9. COMPENSATION UPON TERMINATION

(a) Death. Upon termination of employment pursuant to Section 8(a), the Company shall pay to Employee’s designee or, if no person is designated, to Employee’s estate, (i) Employee’s unpaid Base Salary, if any, less applicable payroll, taxes and other deductions, that was earned through the termination date but not otherwise previously paid, which shall be paid within 30 days after the date of Employee’s termination of employment (“Accrued Base Salary”), (ii) the Annual Bonus, if any, Employee earned with respect to the calendar year prior to the calendar year that includes the termination date that was not paid as of such date shall be paid at the time such Annual Bonus is payable in accordance with Section 3(c), less applicable payroll, taxes and other deductions (the “Unpaid Prior Year Bonus”) and (iii) any payments required under applicable employee benefit plans. The Company shall have no further obligation to Employee upon such termination under this Agreement.

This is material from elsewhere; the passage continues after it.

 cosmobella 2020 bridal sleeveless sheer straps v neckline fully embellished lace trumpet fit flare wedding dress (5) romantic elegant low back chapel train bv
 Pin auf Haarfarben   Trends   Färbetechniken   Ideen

(b) Disability. Upon termination of employment pursuant to Section 8(b), the Company shall pay any Accrued Base Salary and any payments required under applicable employee benefit plans. In addition, if Employee signs and delivers a Severance Agreement and General Release of claims in a form satisfactory to the Company (the “Release”) and such Release is no longer subject to revocation, if applicable, on the date that is sixty (60) days after the date of Employee’s termination of employment (the “Payment Date”), then the Company shall pay to Employee (i) any Unpaid Prior Year Bonus (which shall be paid on the Payment Date), and (ii) a pro-rata portion of the Annual Bonus for the calendar year that includes the termination date, less applicable payroll, taxes and other deductions (the “Pro-Rata Bonus”), determined as follows. The Pro-Rata Bonus shall be determined by multiplying the Proration Factor (defined below) by the actual Annual Bonus that would have been earned by Employee (i) had he remained employed until the normal bonus payment date, (ii) had 100% of his bonus opportunity been based on the Company financial performance criteria, and (iii) based on the Company’ actual performance against such criteria as of the end of the performance period. The Proration Factor shall be the number of days in the calendar year prior to the termination date divided by 365. To the extent earned, the Pro-Rata Bonus shall be paid on the normal payment date for such Annual Bonus.

(c) Termination By Company For Cause: Upon termination of employment by the Company for Cause pursuant to Section 8(c), the Company shall pay to Employee any Accrued Base Salary and any payments required under applicable employee benefit plans. The Company shall have no further obligation to Employee upon such termination under this Agreement.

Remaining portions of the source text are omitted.